A Molecular Approach to Apoptosis in the Human Heart During Brain Death.

Abstract

Background. Brain death induces changes in tissues and organs destined for transplant at the cell, molecular, and endocrine level including cell death through apoptosis. This study was designed to examine apoptotic damage in cardiac tissue obtained from brain dead donors. Methods. Fifty tissue specimens from the left ventricles of individual donors were processed to evaluate changes in the expression levels of five genes involved in apoptosis (BAX, BCL2, CASPASE 3, CYTOCHROME C, and FAS) using the real time-polymerase chain reaction technique.
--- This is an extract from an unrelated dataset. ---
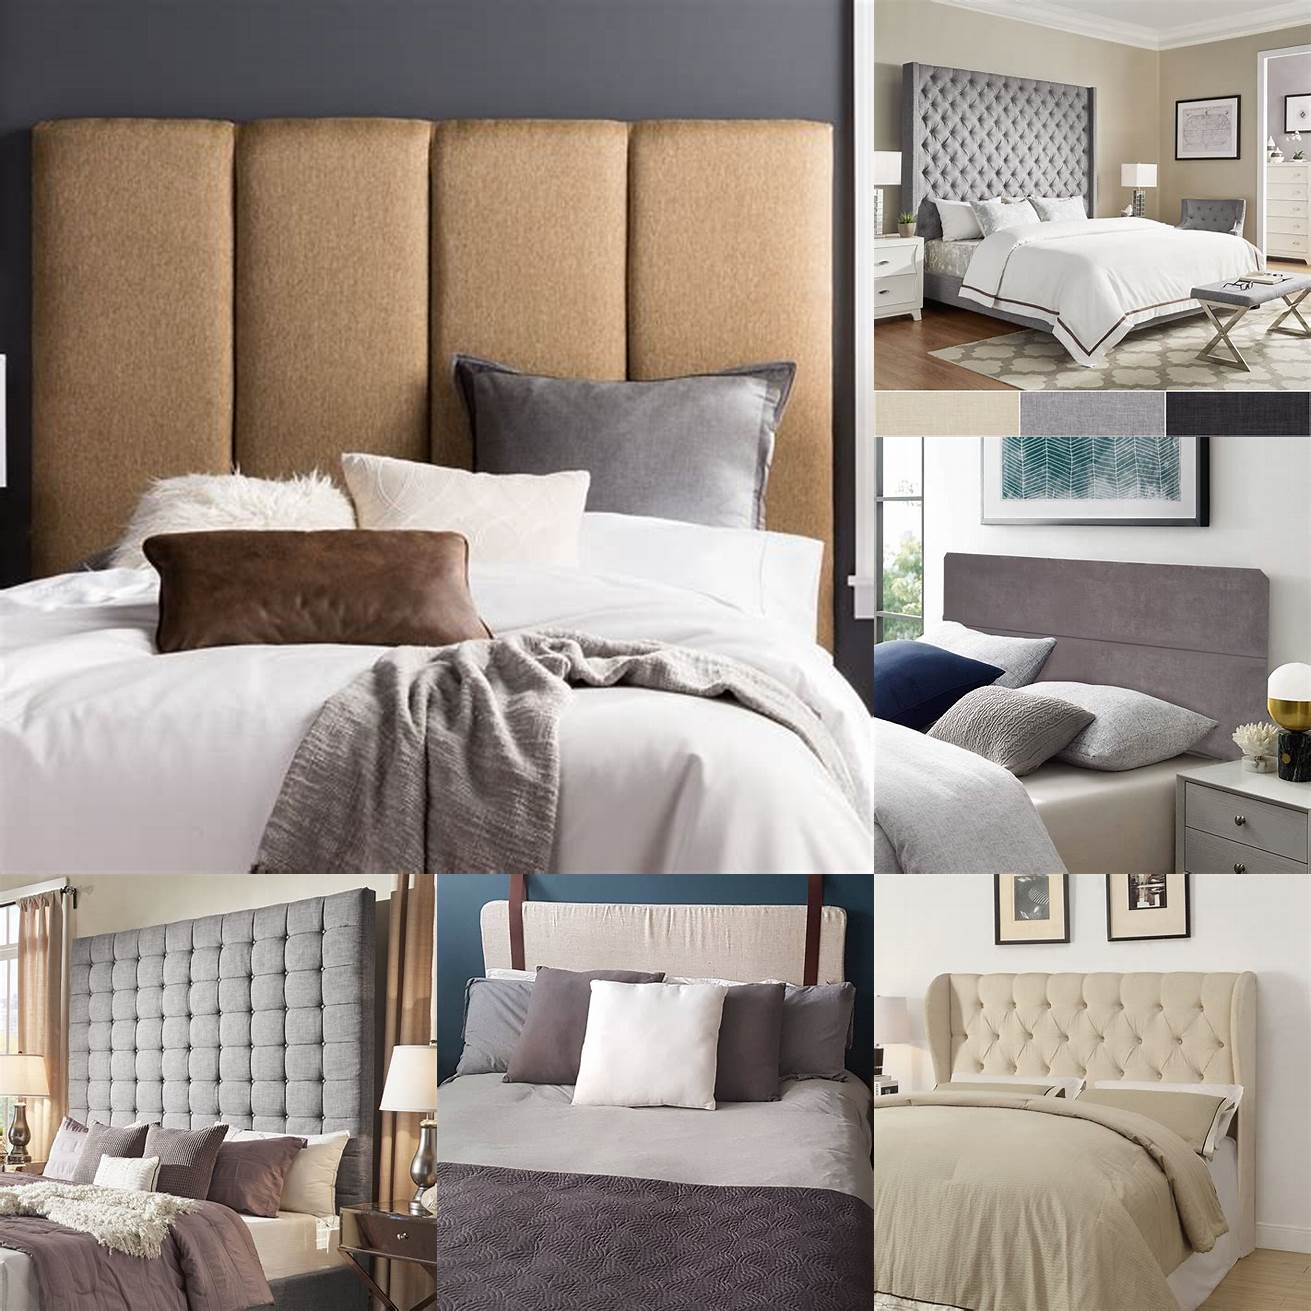 Soundproofing - The cushioned headboards on upholstered beds can help to absorb sound making them a good choice for those who live in noisy households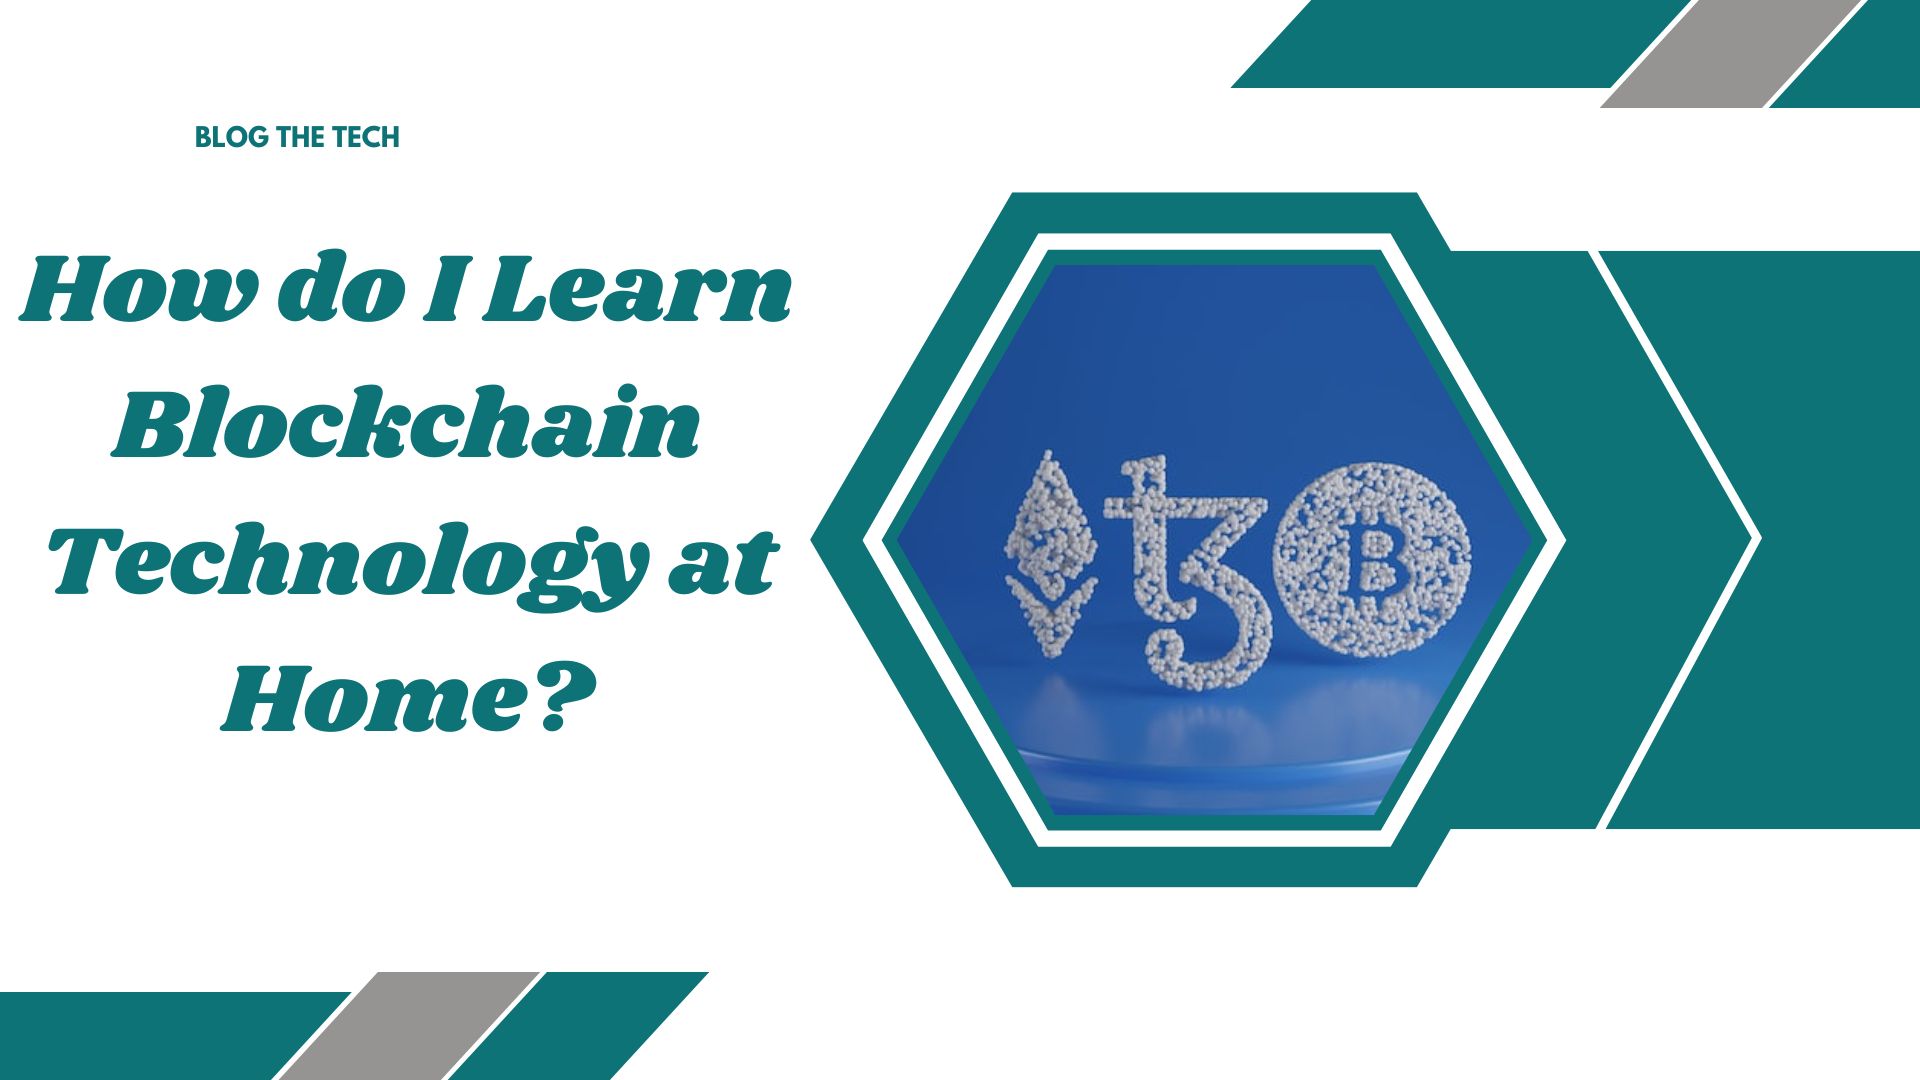 How do I Learn Blockchain Technology at Home?

Expression levels were quantified by the relative standard method and results normalized to the levels recorded for the endogenous control peptidylprolyl isomerase A. The HIF1 gene was also determined to check for the possibility of hypoxic damage. Control ventricular tissue specimens were obtained from patients undergoing mitral valve replacement. Results. Using a mixed linear model it was determined that the sample type (donor vs. control patient) significantly affected (P 0.0001) expression levels of the genes examined reflected by their Ct values. Three of the genes (BAX, CASPASE 3, and FAS) showed significantly higher (Student’s t test, P 0.05) expression levels (4.89-, 7.85-, and 12.14-fold endogenous control values, respectively) in donors compared with control patients (2.31-, 2.64-, and 3.57-fold endogenous control values, respectively) indicating the activation of apoptosis during brain death. Conclusion. Our findings suggest the possibility of using antiapoptosis agents to prevent cardiac injury and improve posttransplant behavior.